Frauke bleibt stehen und grinst mich an. Ihr Kopf ist wieder in einer deutlichen Schräge. Ich lege meinen Kopf in die gleiche Richtung und lache sie an.
»Nein, das werde ich nie tun. Ich trage sie lieber in meinem Herzen. Es mag egoistisch sein, aber es sind nur meine Geschichten. Sie gehören mir und denen, mit denen ich sie direkt teilen will.«
Manchmal macht mir Frauke furchtbar Angst.

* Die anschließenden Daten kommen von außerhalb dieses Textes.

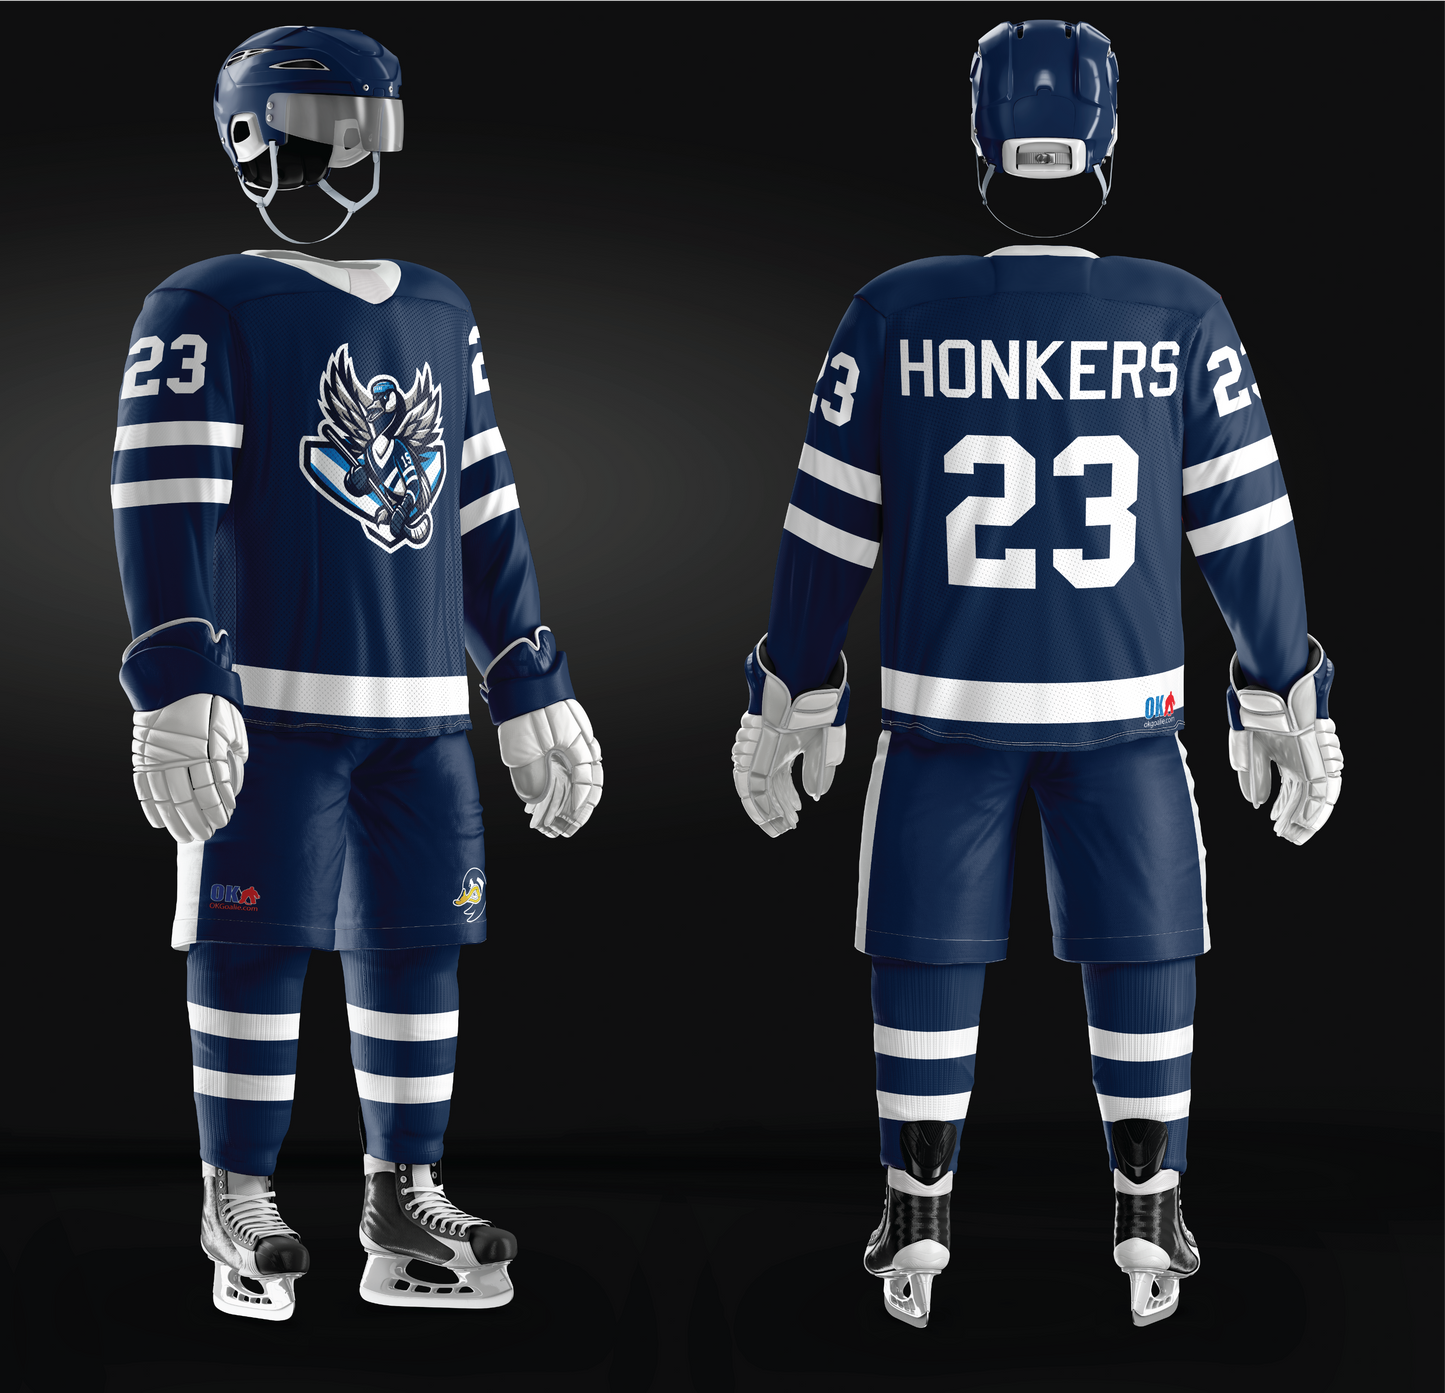 Honkers Ice Hockey Jersey

Wir kommen in der Schule an, alle übersehen mich und meine Verletzungen und schon sind die ersten beiden Stunden vorbei. In der Pause stehe ich allein in einer Ecke und es fällt natürlich noch immer keinem Menschen auf, dass ich heldenhaft meine Beulen zur Schau stelle. Leo hat nicht einmal eine Schramme und läuft wie immer sein Revier auf dem Schulhof ab. Wenn Leo nicht trainiert, baggert er Mädels an. Keine ist vor ihm sicher, nicht einmal Emma. Wobei ich gar nicht darüber nachdenken will, was passiert, sollte er sich Emma nähern. Leo besitzt nicht einmal das Gen, das einen normalen Teenager rechtzeitig vor Enttäuschungen und unbedachten Annäherungsversuchen warnt. Er geht drauf los und ist präsent. Den Rest besorgen Zufall, Glück, Gott, die Dummheit der Weiber und was weiß ich noch. Es gibt zum Glück eine Schwachstelle in Leos Leben, doch die kommt meistens zu spät raus. Zumindest zu spät für die Mädels, die ihm völlig erlegen sind. Leo ist im Grunde doof. Richtig doof. Er mag ein Instinktboxer von außergewöhnlichem Talent sein, aber Algebra hält er mit Sicherheit für eine schlecht schmeckende Arznei. Ich verdrücke gerade mein Pausenbrot, da klingelt es schon wieder.